Bir kişinin özgürlüğü, esas olarak yasanın kendisi için öngörmediği eylemleri gerçekleştirmeye zorlanmamaktan ibarettir. Devlet hukuku ilkeleri, herkesin bulunduğu ülkenin ceza ve medeni kanunlarına uymasını gerektirir. Bu ilkeler Peru'daki İspanyollar tarafından vahşice ihlal edildi: Atuahalpa inc ancak uluslararası hukuk temelinde değerlendirilebilir ve bunu devlet ve medeni hukuk temelinde değerlendirebilirler. Fakat pervasızlıklarının yüksekliği onu ülkelerinin devlet ve medeni kanunlarına göre kınamış olmalarıydı.

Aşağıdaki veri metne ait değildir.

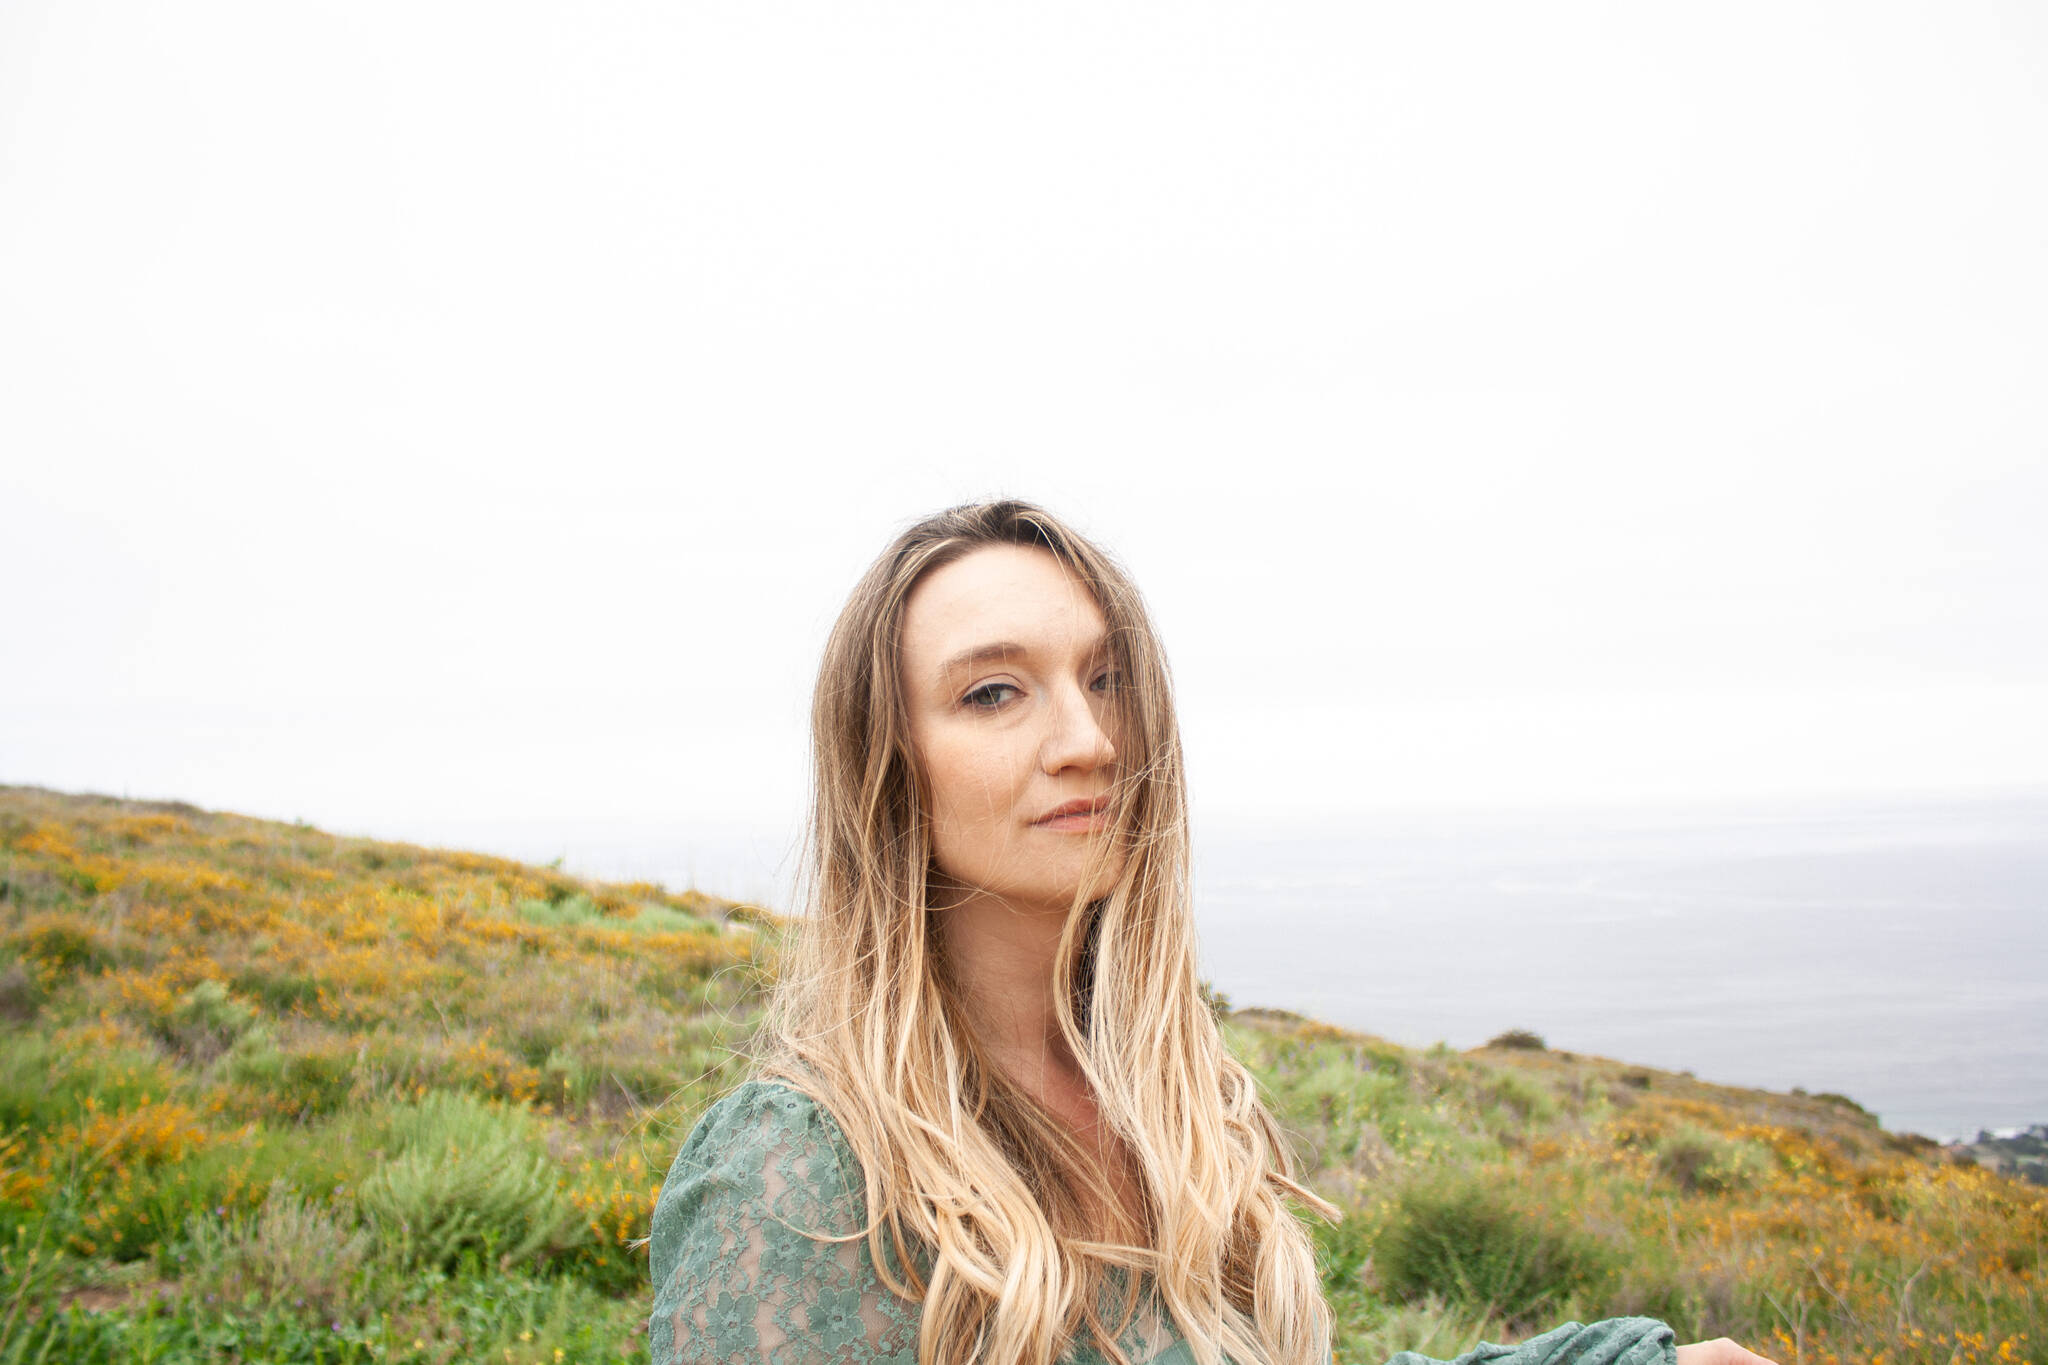 Emily Anderson's second album "Salt & Water" will be released on Friday, May 27. The second album from the L.A.-based  singer-songwriter from Fairbanks deals with challenging emotions via some surprisingly sunny tunes. (Courtesy Photo / Chris West)
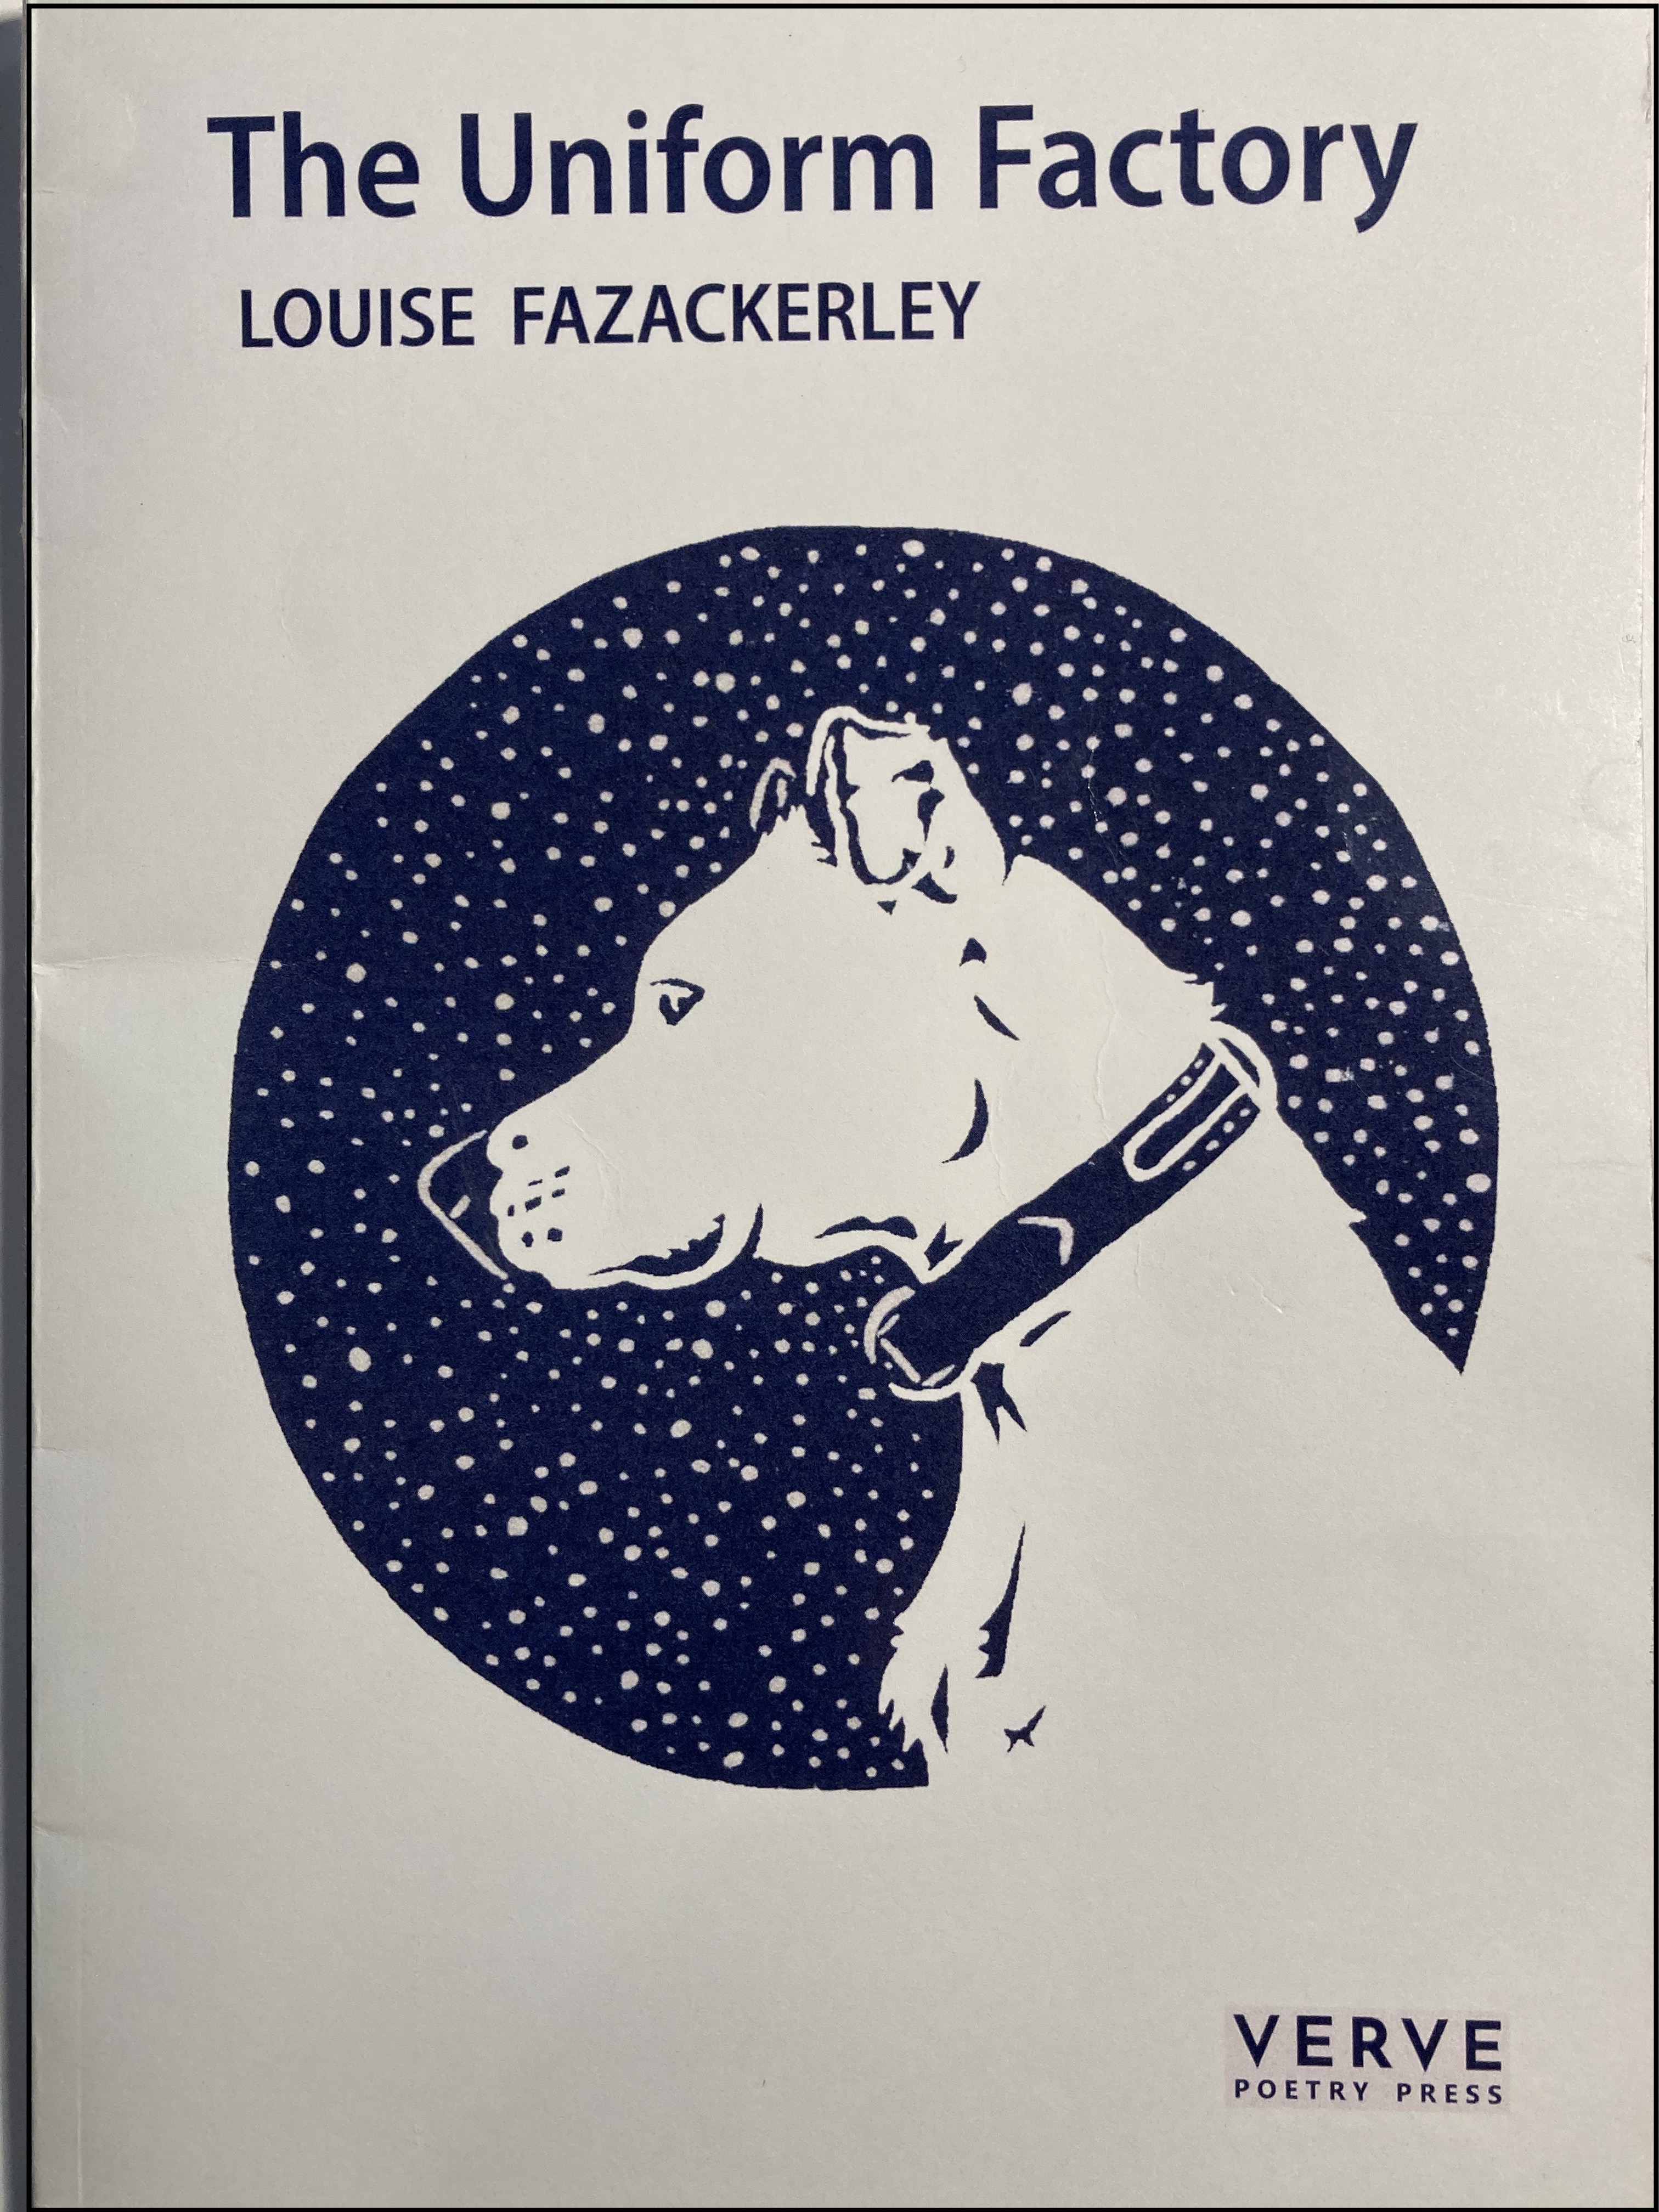 Pale cover with blue lettering and central image: a blue circle with a white dog and spots like snow

Ilımlılık ruhu yasa koyucunun ruhu olmalıdır, çünkü siyasi iyilik, ahlaki iyilik gibi her zaman iki sınır arasındadır. Örneğin, yargı formaliteleri özgürlük için gereklidir, ancak sayıları o kadar büyük olabilir ki, kendilerini kuran yasaların hedeflerini engelleyeceklerdir: bu durumda vatandaşlar özgürlüklerini ve güvenliğini kaybedecek, savcı suçlamayı kanıtlayamayacak ve sanık beraat edecektir. Kanunları hazırlarken, bilinen kurallara uymak zorundadır. Hece sıkıştırılmalıdır. On iki tablonun yasaları bir doğruluk modeli olarak kullanıldı - çocuklar onları hafıza için ezberledi. Justinian'ın öyküleri o kadar ayrıntılıydı ki azaltılmaları gerekiyordu. Yasaların hecesi basit olmalı ve çeşitli yorumlara izin vermemelidir. Honorius yasası, serbest adamı bir köle olarak satın alan veya onu endişelendiren kişinin ölümünü cezalandırdı. Böyle belirsiz bir ifade kullanılmamalıydı. Bir kişiye neden olan kaygı kavramı tamamen onun izlenilebilirliğinin derecesine bağlıdır. Yasalar inceliklere girmemelidir: vasat insanlara yöneliktir ve mantık sanatını değil, ailenin basit babasının ses kavramlarını içerirler. Yasa istisnalara, kısıtlamalara ve değişikliklere ihtiyaç duymadığında, bu ayrıntılar yeni ayrıntılar gerektirdiğinden, onlarsız yapmak en iyisidir. Hiçbir durumda yasalara, şeylerin doğasına aykırı bir biçim verilmemelidir: bu nedenle, Turuncu Prensin yazısında Philip II, cinayeti işleyen kişiye beş bin ecu ve asalet vaat etti - bu kral aynı zamanda onur, ahlak ve din kavramları üzerinde çiğnendi. Son olarak, bazı saflık yasaların doğasında bulunmalıdır. İnsan kötülüklerini cezalandırmak için, kendilerinin mükemmel bir bütünlüğe sahip olmaları gerekir.